« 2007-07 | Page d'accueil | 2007-09 »
30/08/2007
Le Parfum, de Patrick Süskind (1985)
Au XVIIIè siècle vécut en France un homme qui compta parmi les personnages les plus géniaux et les horribles de son époque. Il s’appelait Jean-Baptiste Grenouille. Sa naissance, son enfance furent épouvantables et tout autre que lui n’aurait pas survécu.
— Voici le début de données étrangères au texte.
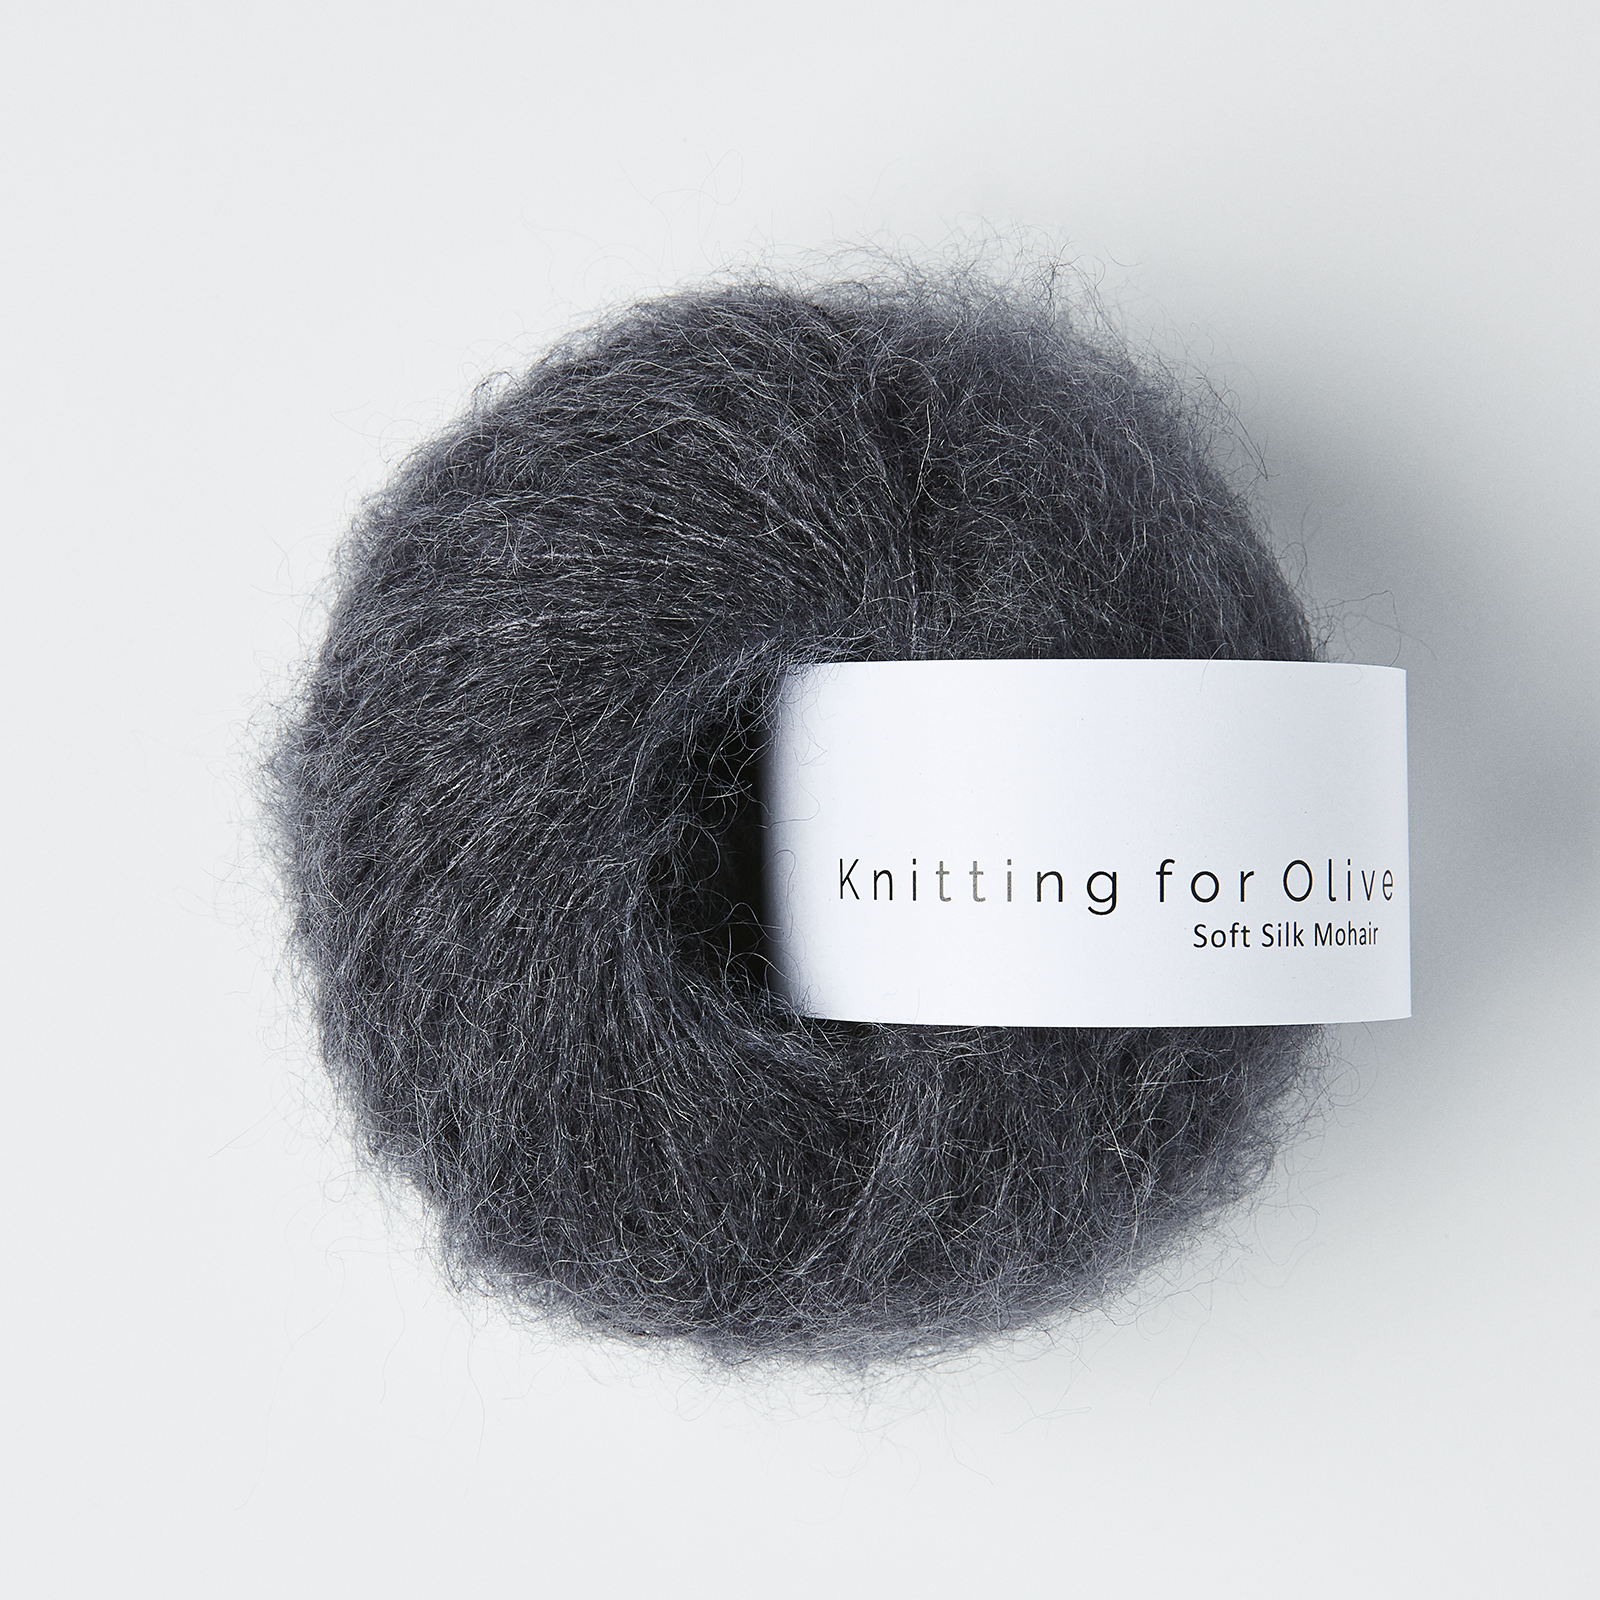 soft silk mohair knitting for olive | soft silk mohair: slate gray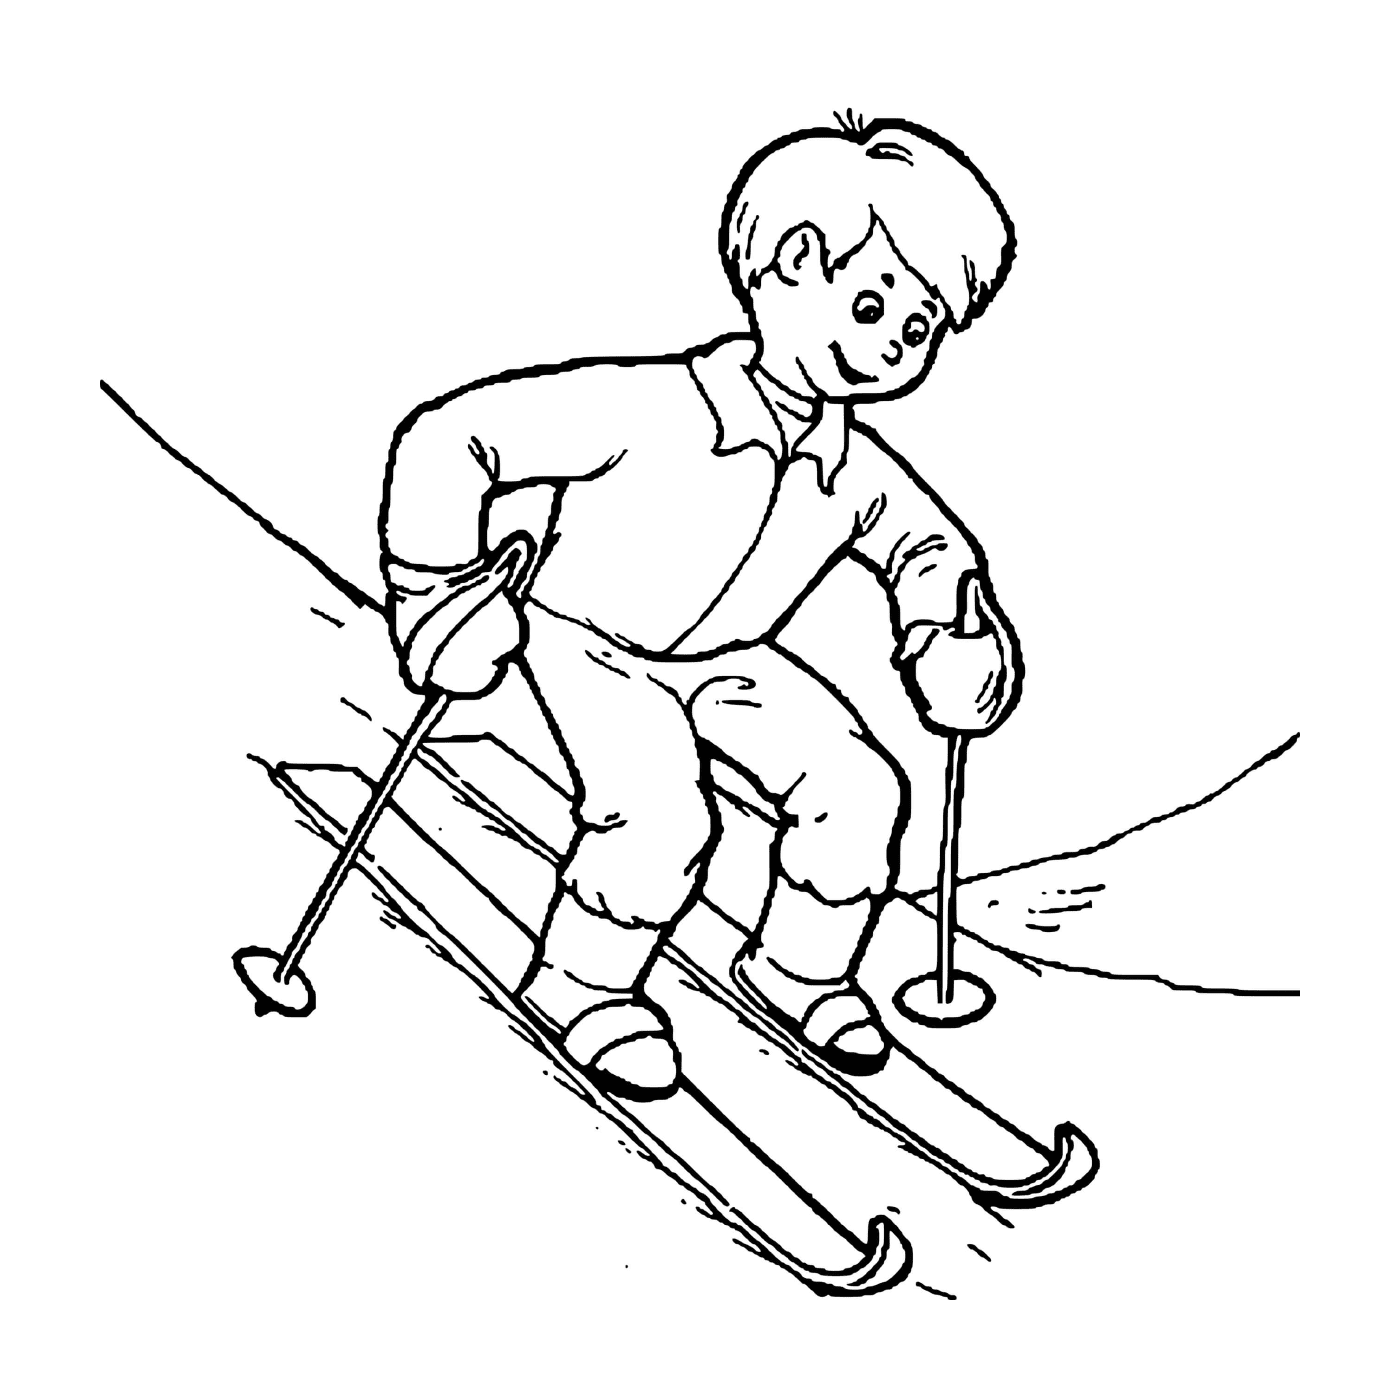  Ребёнок с энтузиазмом учится кататься на лыжах

Mais Grenouille n’avait besoin qu’un minimum de nourriture et de vêtements et son âme n’avait besoin de rien. Or ce monstre de Grenouille, car il s’agissait bien d’un genre de monstre, avait un don, ou plutôt un nez unique au monde et il entendait bien devenir, même par les moyens les plus atroces, le Dieu tout-puissant de l’univers, car « qui maîtrisait les odeurs, maîtrisait le cœur des hommes ».C’est son histoire, abominable… et drolatique, qui nous est racontée dans Le Parfum, un roman qui, dès sa parution, eut un succès extraordinaire et est devenu très vite un best-seller mondial.
Préface de l’édition Livre de Poche
Titre original : Das Parfum, Die Geschichte eines Mörders
Couverture : Watteau : Jupiter et Antiope (détail), musée du Louvre
Phénomène de littérature, avant de devenir une œuvre cinématographique, Le Parfum raconte l’histoire d’un phénomène humain, sorte de freak au temps des Lumières.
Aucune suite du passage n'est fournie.